Since $Q$ is independent of $a$ , I can substitute any convenient value of $a$ that I want without changing the value of $Q$ . As shown in previous posts, substituting $a =0$ yields the following simplification:

$Q = \displaystyle \int_0^{2\pi} \frac{dx}{\cos^2 x + 2 a \sin x \cos x + (a^2 + b^2) \sin^2 x}$

$= \displaystyle \int_{0}^{2\pi} \frac{dx}{\cos^2 x + 2 \cdot 0 \cdot \sin x \cos x + (0^2 + b^2) \sin^2 x}$

$= \displaystyle \int_{0}^{2\pi} \frac{dx}{\cos^2 x + b^2 \sin^2 x}$

$= \displaystyle \int_{-\pi}^{\pi} \frac{dx}{\cos^2 x + b^2 \sin^2 x}$

$= \displaystyle \int_{-\infty}^{\infty} \frac{ 2(1+u^2) du}{u^4 + (4 b^2 - 2) u^2 + 1}$

$= \displaystyle \int_{-\infty}^{\infty} \frac{ 2(1+u^2) du}{ ([u - \sqrt{1-b^2}]^2 +b^2)([u + \sqrt{1-b^2}]^2 +b^2}$

if $|b| < 1$ . (The cases $|b| = 1$ and $|b| > 1$ have already been handled earlier in this series.)

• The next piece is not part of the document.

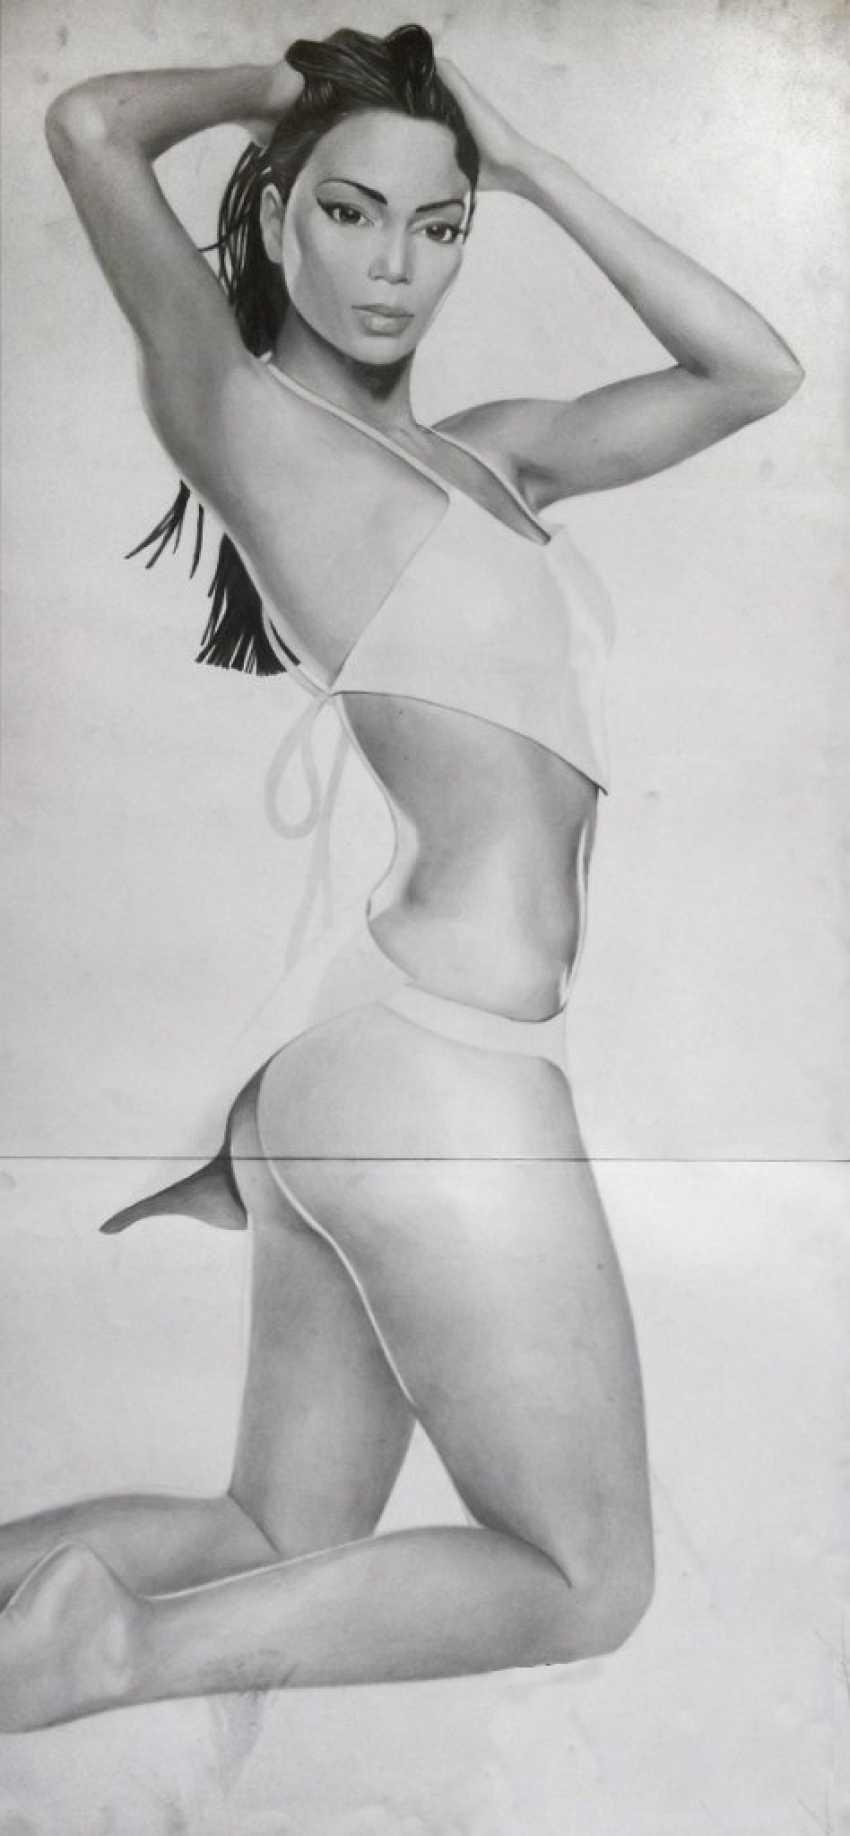 Айдос Маканов. модель №1 - фото 1

I will evaluate this integral using partial fractions. The denominator factors as the product of two irreducible quadratics, and so I must solve

$\displaystyle \frac{ 2(1+u^2)}{ ([u - \sqrt{1-b^2}]^2 +b^2)([u + \sqrt{1-b^2}]^2 +b^2)} = \displaystyle \frac{Au + B}{[u - \sqrt{1-b^2}]^2 +b^2} + \frac{Cu + D}{[u + \sqrt{1-b^2}]^2 +b^2}$ ,

$\displaystyle \frac{ 2(1+u^2)}{ ([u - \sqrt{1-b^2}]^2 +b^2)([u + \sqrt{1-b^2}]^2 +b^2)} = \displaystyle \frac{Au + B}{u^2 - 2u \sqrt{1-b^2} +1} + \frac{Cu + D}{u^2 + 2u\sqrt{1-b^2} + 1}$ .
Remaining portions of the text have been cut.